Seperti yang diketahui, Presiden Jokowi baru saja menandatangani Perpres No 59 tahun 2024 yang mengatur tentang peleburan kelas 1, 2, dan 3 BPJS Kesehatan menjadi kelas rawat inap standar atau KRIS, dengan tujuan untuk menciptakan kesetaraan yang lebih adil dan merata bagi seluruh peserta BPJS Kesehatan. Tentu hal ini menjadi pertanyaan untuk warga Indonesia terutama anak-anak muda yang memiliki rasa penasaran tinggi dan pro kontra atas Keputusan yang dibuat oleh Presiden Jokowi.
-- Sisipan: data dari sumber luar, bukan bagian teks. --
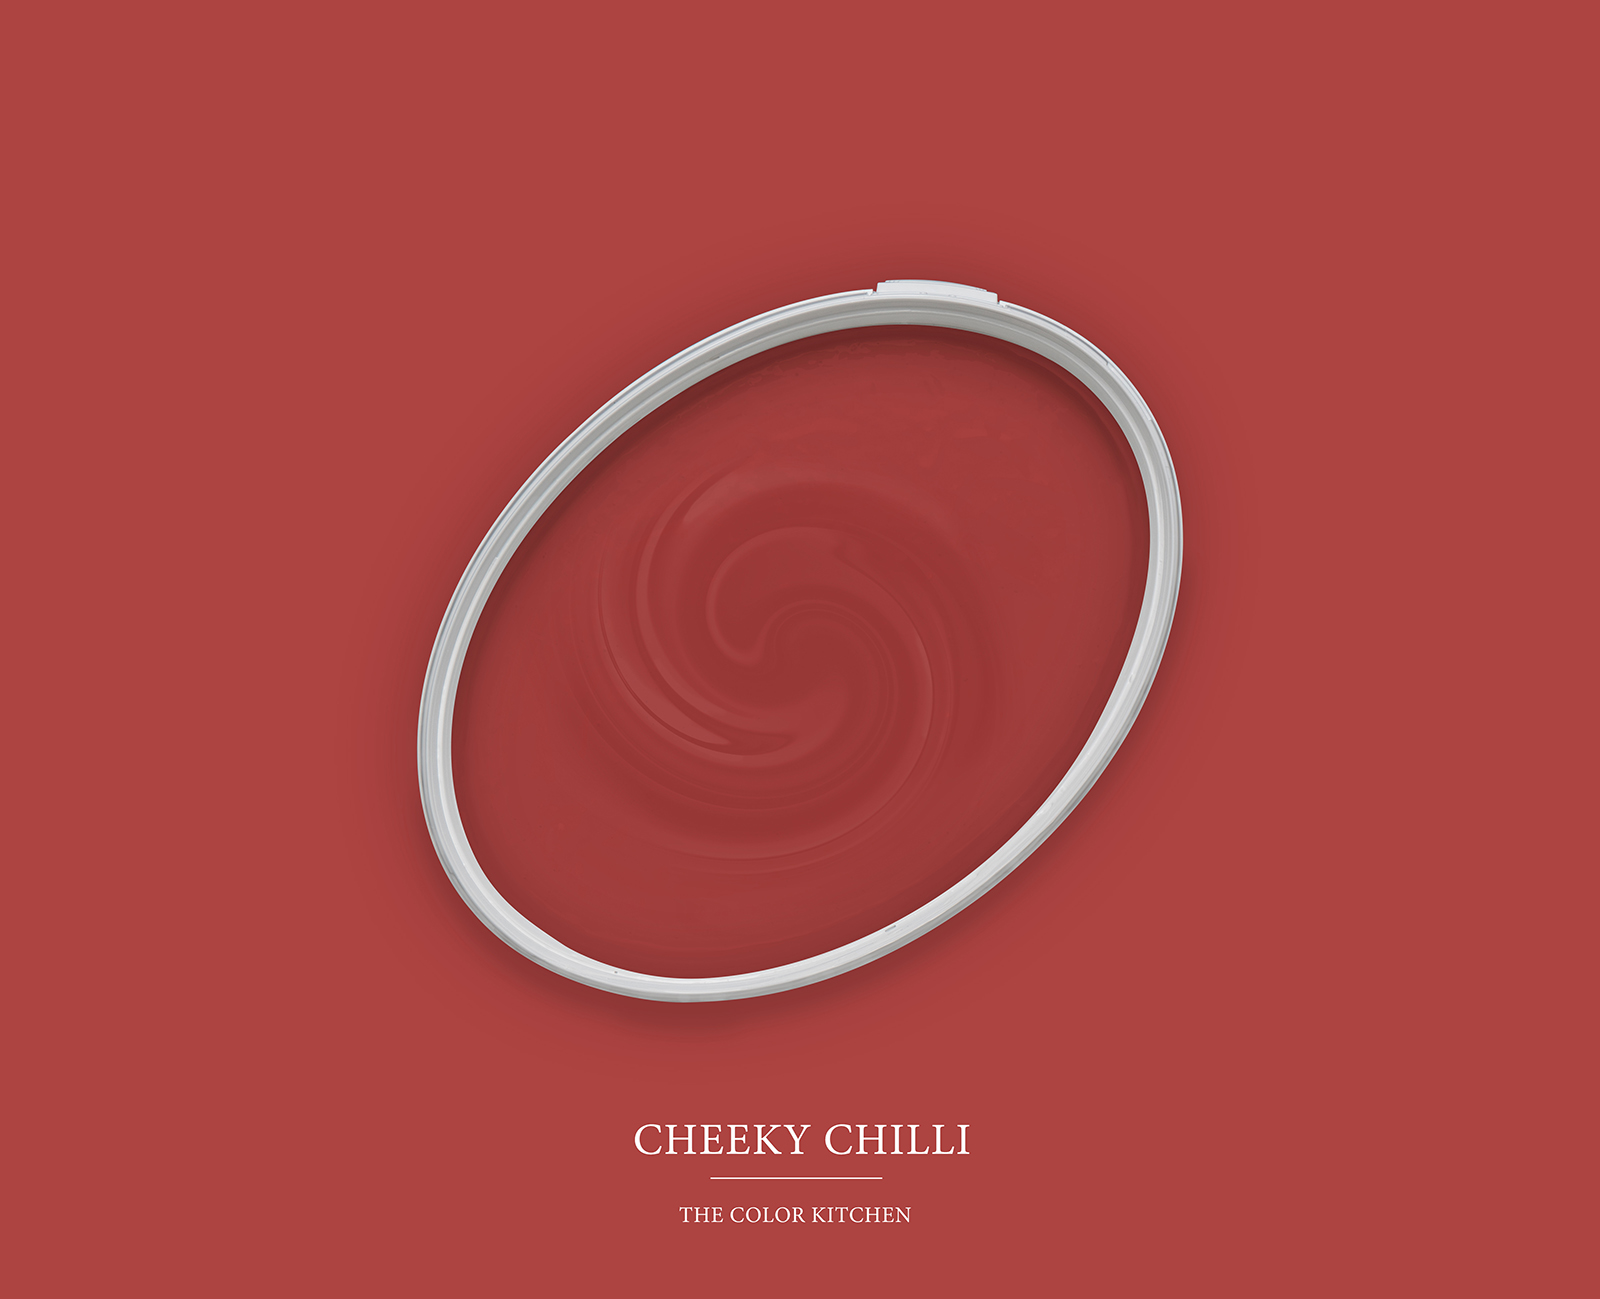         Wall Paint TCK7005 »Cheeky Chilli« in strong fire red – 2.5 litre

Dalam kegiatan ini berbagai pertanyaan ditujukan kepada dua narasumber yang hadir, yakni Nurul Izmi dan Febrian Rizky Arilya. Dalam diskusinya, Nurul Izmi menjawab salah satu pertanyaan mengenai proses pengambilan keputusan terkait penghapusan BPJS Kesehatan dan faktor utama yang dipertimbangkan dalam proses pengambilan keputusan.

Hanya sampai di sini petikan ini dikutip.